--- Data shown ---
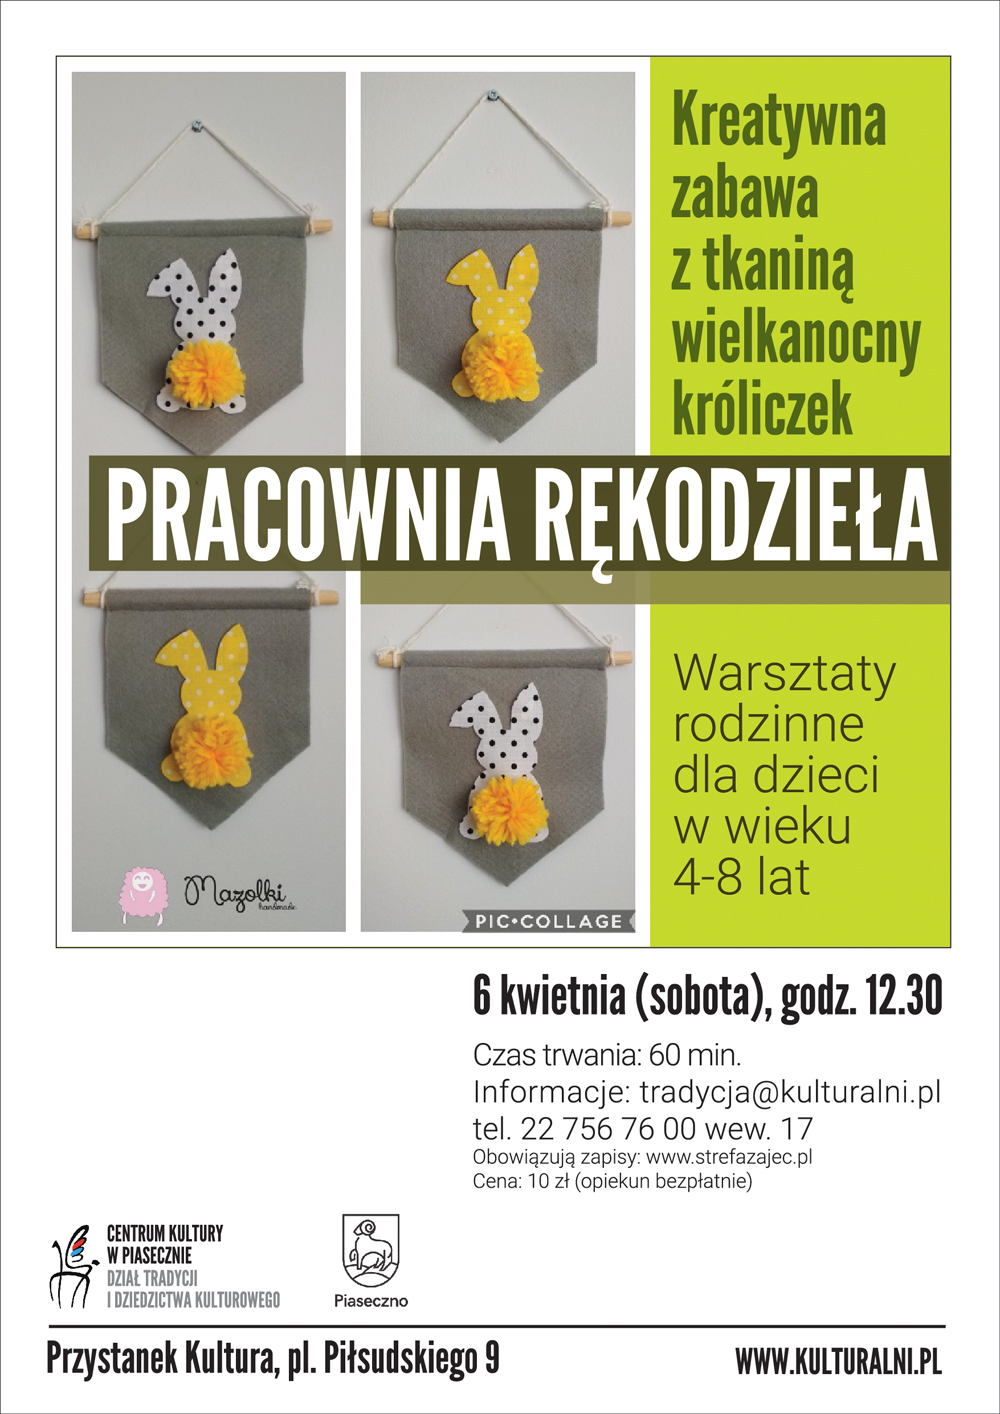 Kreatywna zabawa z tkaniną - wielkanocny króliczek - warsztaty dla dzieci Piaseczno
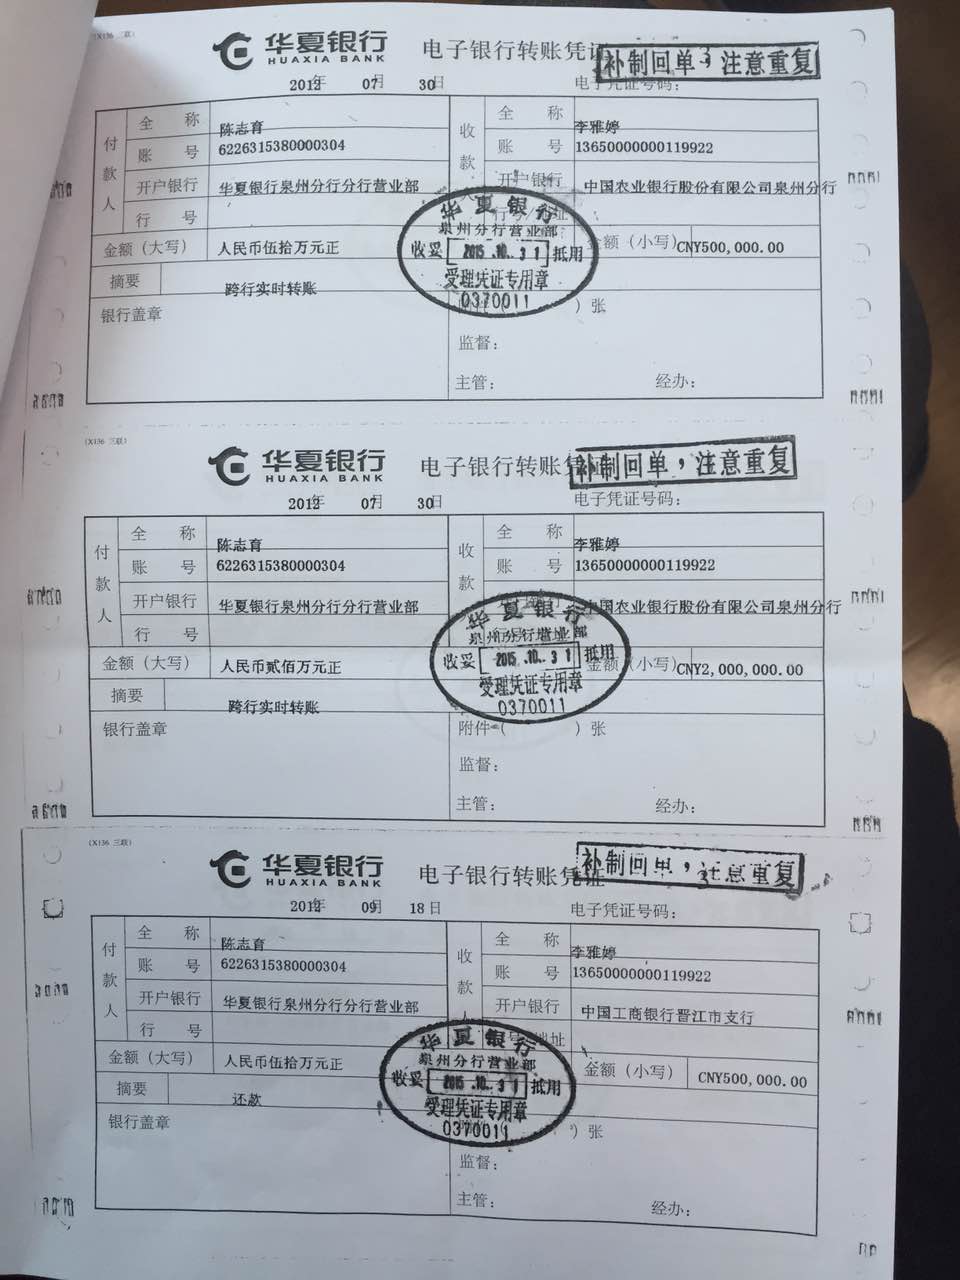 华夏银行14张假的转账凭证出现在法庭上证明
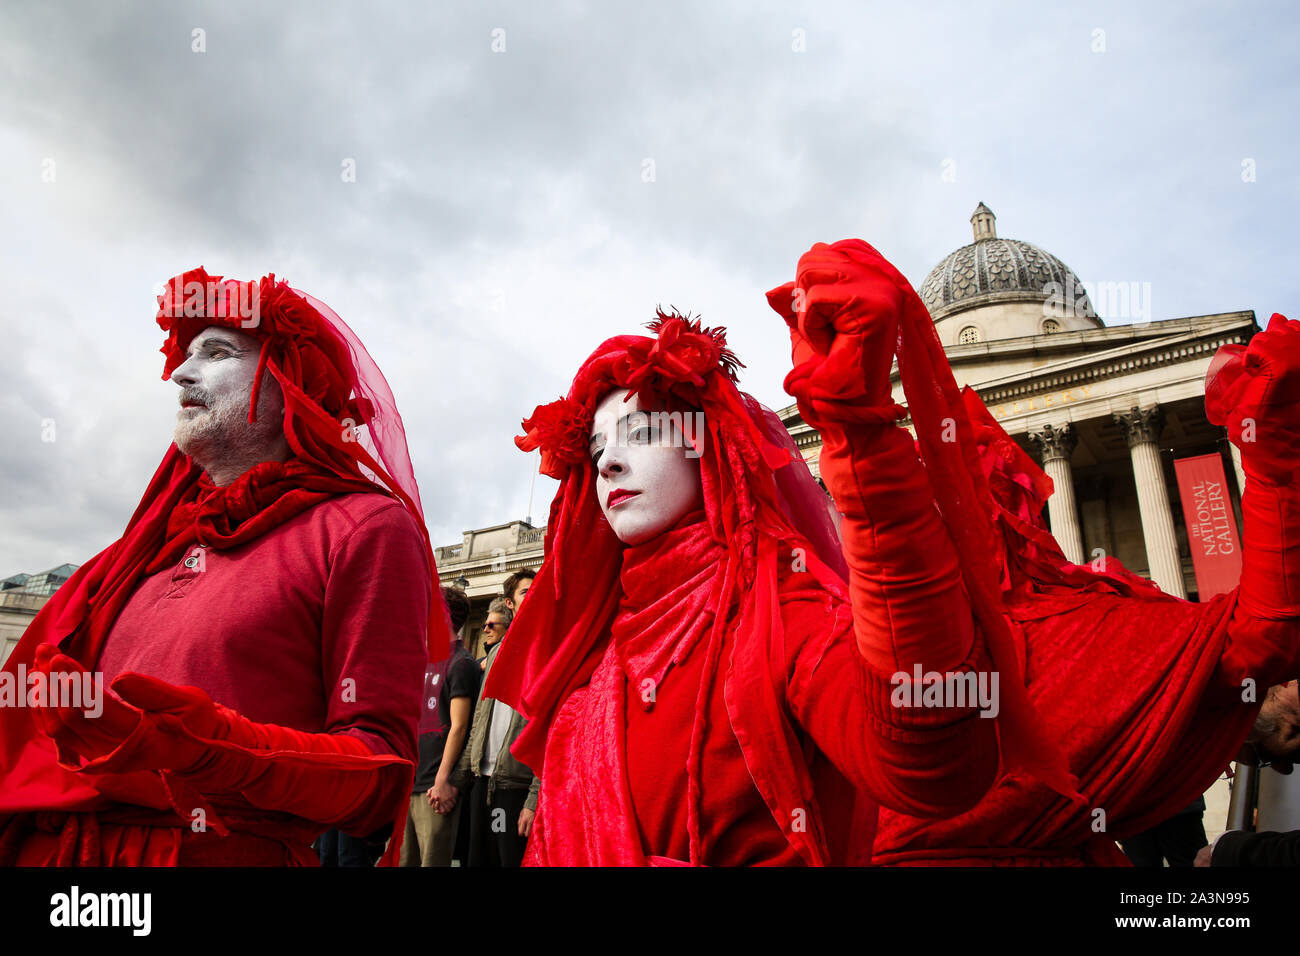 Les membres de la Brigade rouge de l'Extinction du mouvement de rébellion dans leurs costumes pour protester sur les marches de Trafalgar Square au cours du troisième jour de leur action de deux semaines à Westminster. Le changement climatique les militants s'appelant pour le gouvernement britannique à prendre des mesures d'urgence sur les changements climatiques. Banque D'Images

---

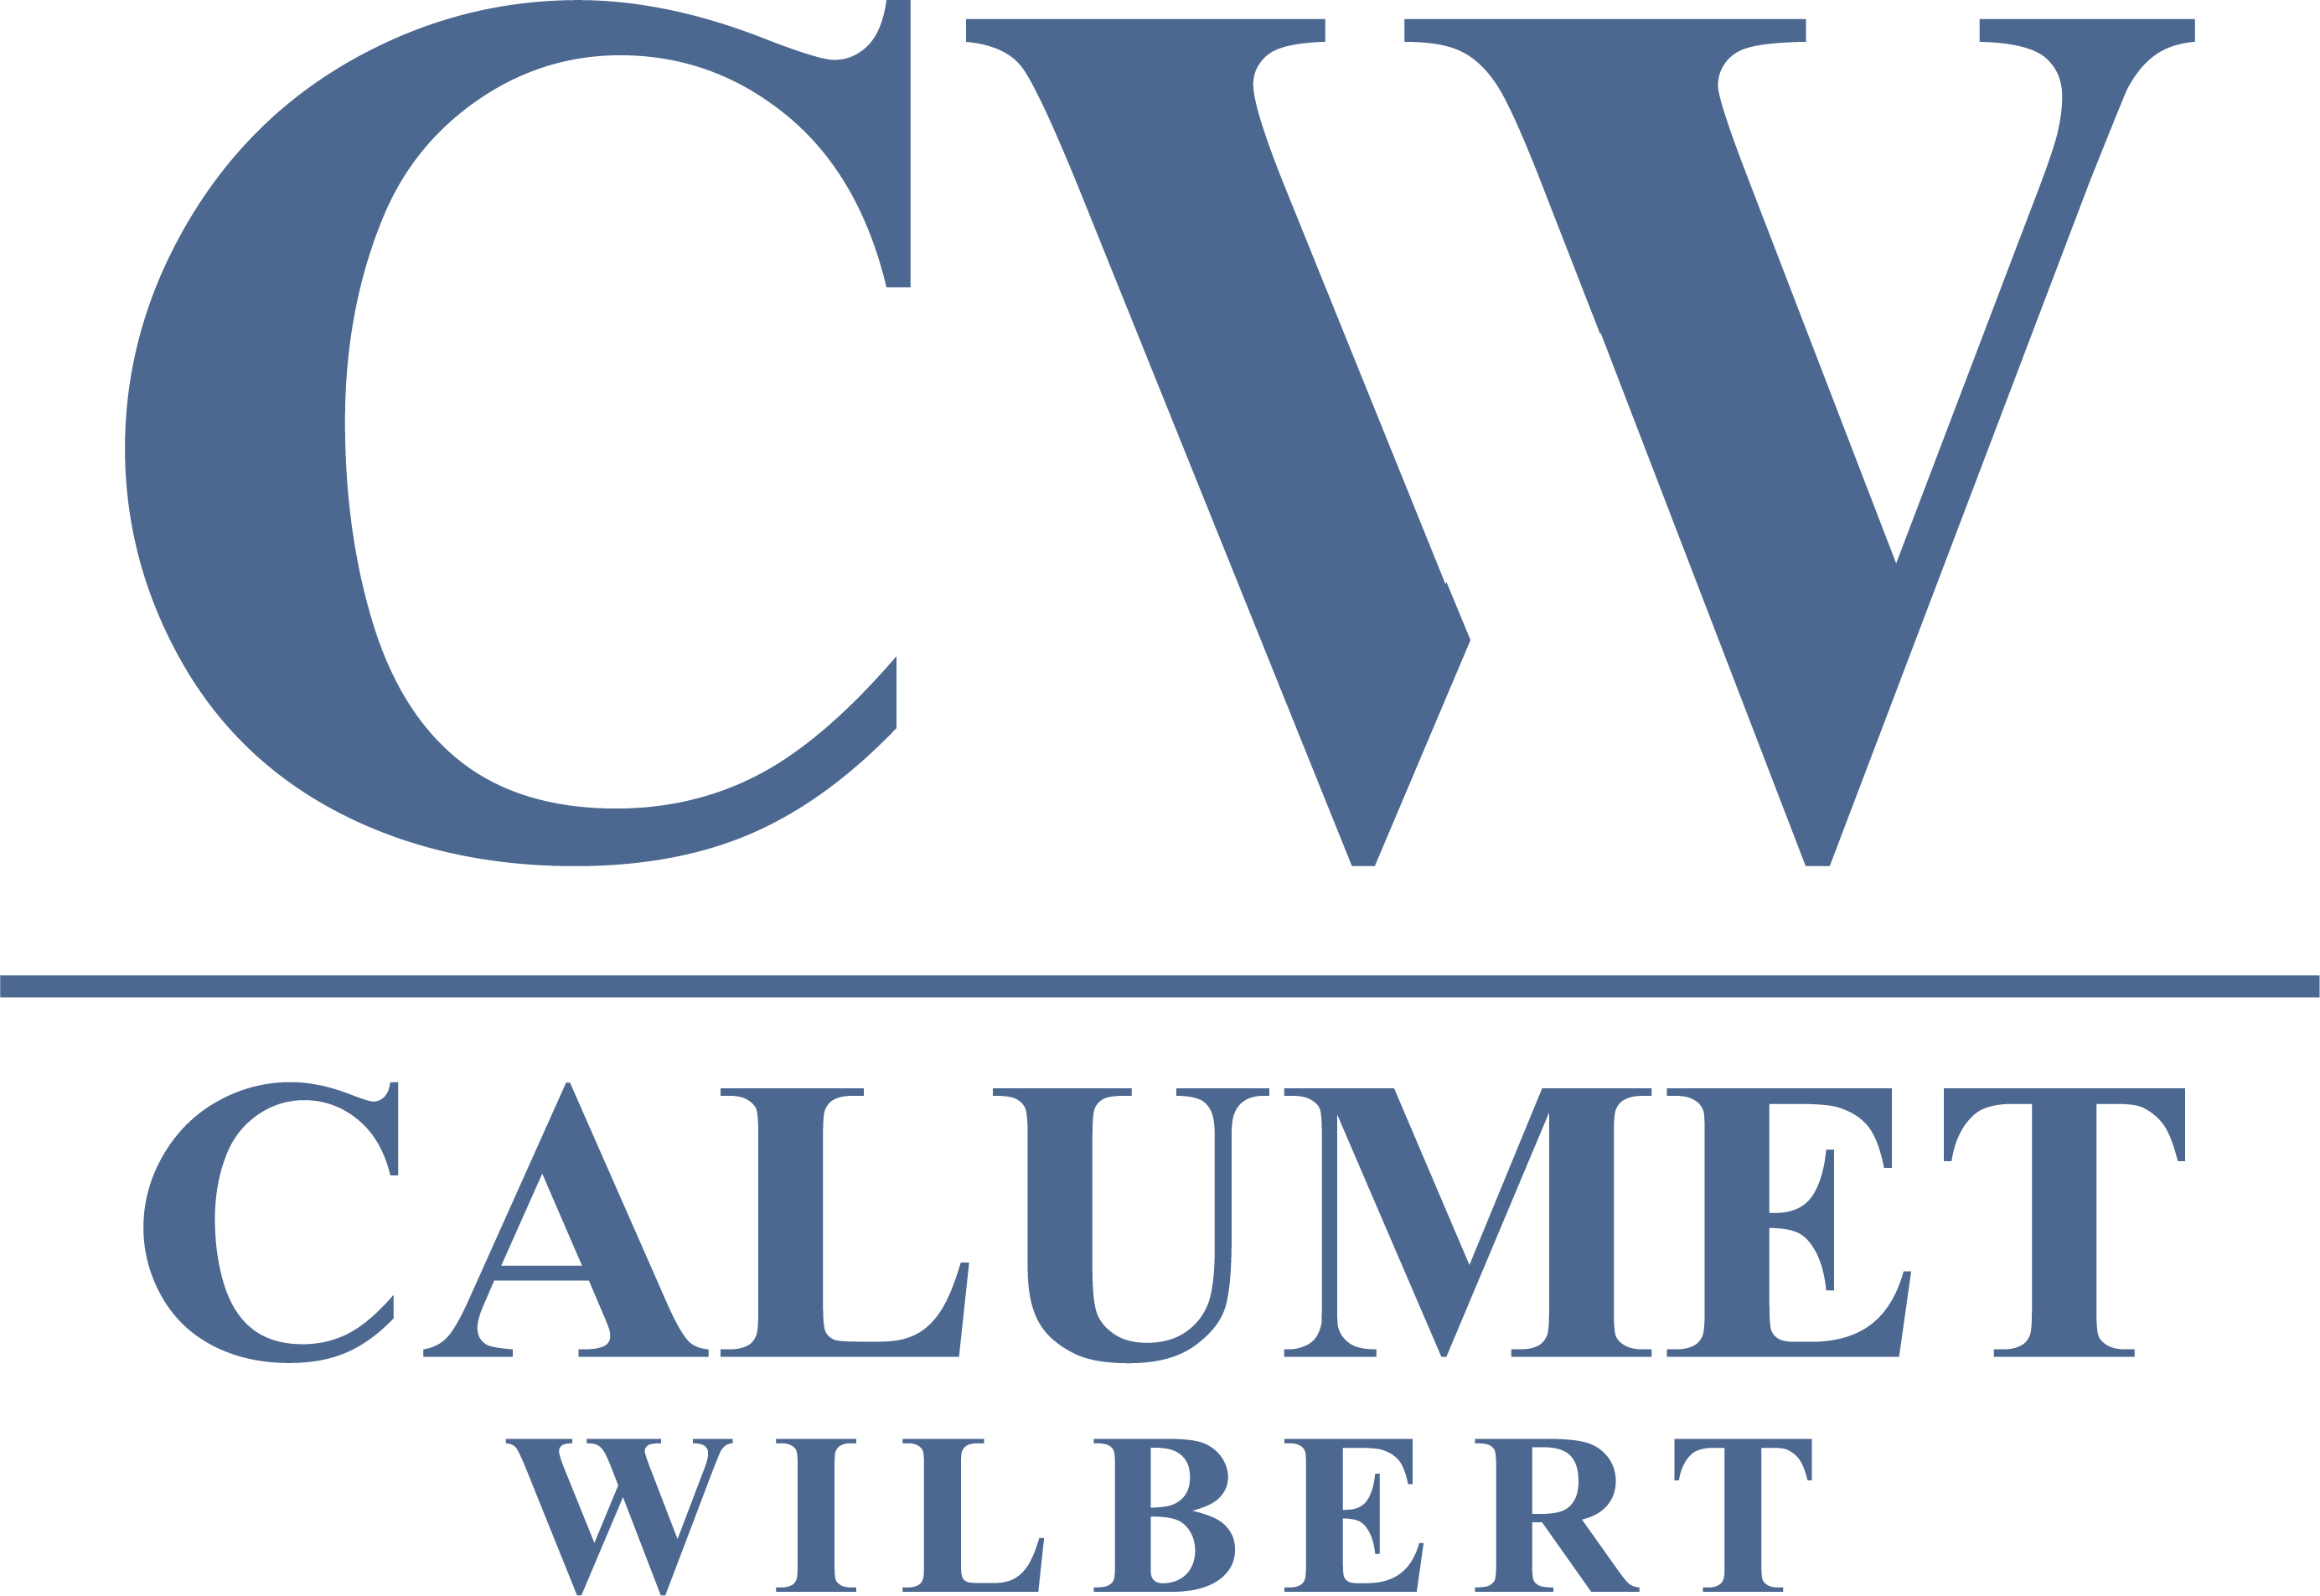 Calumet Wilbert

--- Directions ---
In the listing above, find the line containing "Kreatywna zabawa z" and the line containing "Les membres de"; print those lines and every line between them exactly, leaving out pictures.

--- Answer to this task ---
 Kreatywna zabawa z tkaniną - wielkanocny króliczek - warsztaty dla dzieci Piaseczno
 华夏银行14张假的转账凭证出现在法庭上证明
 Les membres de la Brigade rouge de l'Extinction du mouvement de rébellion dans leurs costumes pour protester sur les marches de Trafalgar Square au cours du troisième jour de leur action de deux semaines à Westminster. Le changement climatique les militants s'appelant pour le gouvernement britannique à prendre des mesures d'urgence sur les changements climatiques. Banque D'Images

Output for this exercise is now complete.